If the user was created by using the online portal for Office 365, the user account will not be synchronized with on-premises Active Directory, and the user will not exist in the on-premises Active Directory. If you have already created users in your online tenant, and want to configure hybrid with an on-premises deployment, see Move users from online to on premises.

Note

If you are currently a Skype for Business Online customer who has users enabled for Skype for Business Online who have not been enabled in an on-premises deployment, see Move users from Skype for Business Online to on premises.

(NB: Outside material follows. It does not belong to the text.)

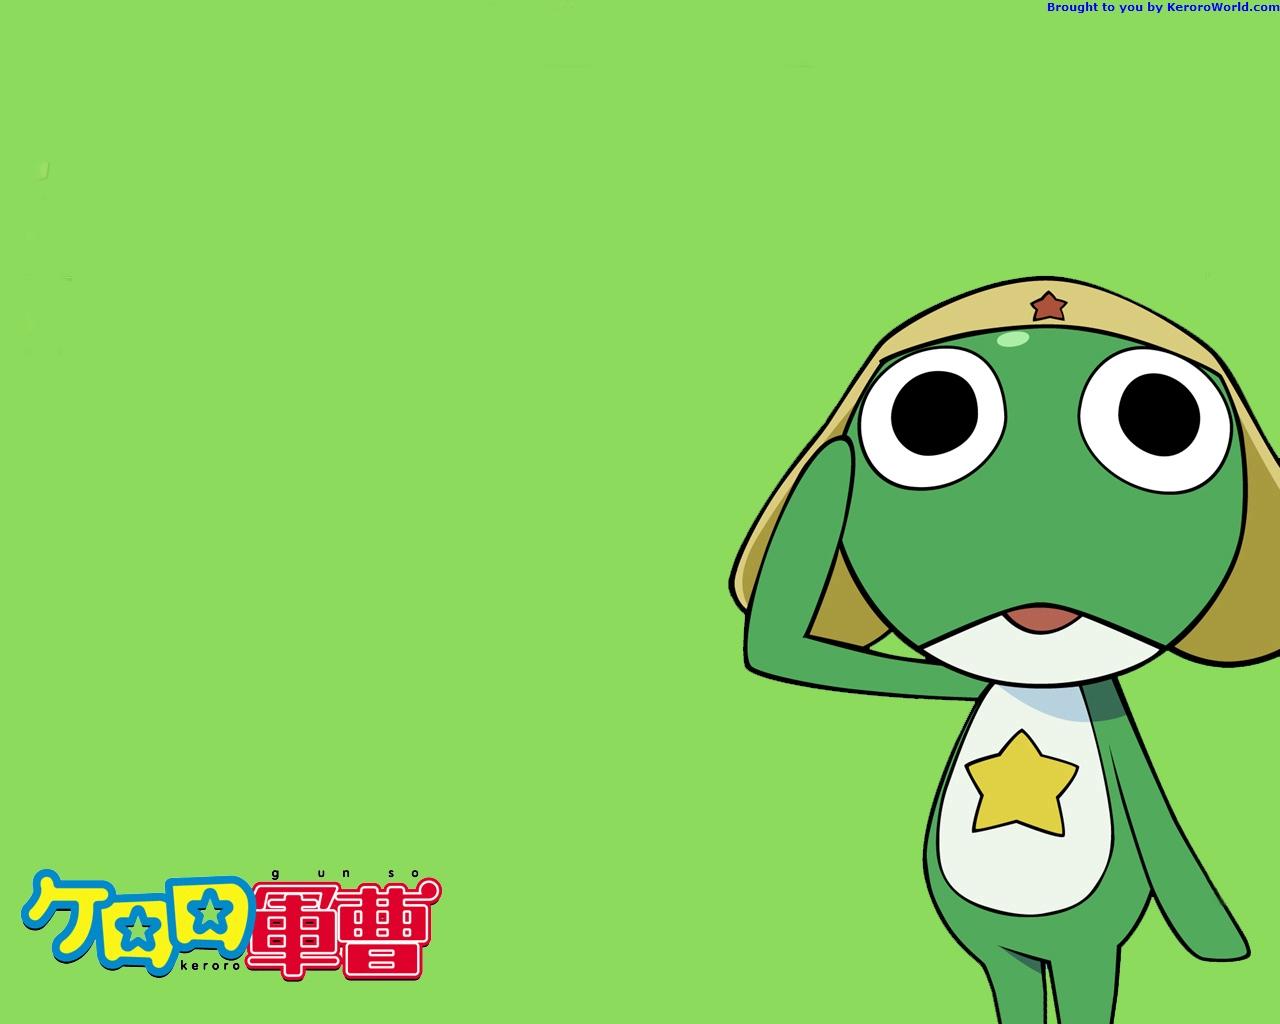 http://vignette2.wikia.nocookie.net/creepypasta/images/c/cd/Keroro-Gunso-Wallpaper-anime-25246094-1280-1024.jpg/revision/latest?cb=20130409000430

You should also consider the following user-related issues when planning for a hybrid deployment.

  • User contacts The limit for contacts for Lync Online users is 250. Any contacts beyond that number will be removed from the user's contact list when the account is moved to Lync Online.

  • Instant Messaging and Presence User contact lists, groups, and access control lists (ACLs) are migrated with the user account.

  • Conferencing data, meeting content, and scheduled meetings This content is not migrated with the user account. Users must reschedule meetings after their accounts are migrated to Lync Online.

User policies and features

  • In a hybrid environment, users can be enabled for Instant Messaging and conferencing (meetings) either on premises or online, but not both simultaneously.

  • Client support Some users may require a new client version when they are moved to Skype for Business Online. For Office Communications Server 2007 R2, users must be moved to a Skype for Business Server or Lync Server 2013 pool prior to migration to Skype for Business Online.

  • On-premises policies and configuration (non-user) Online and on-premises policies require separate configuration. You cannot set global policies that apply to both.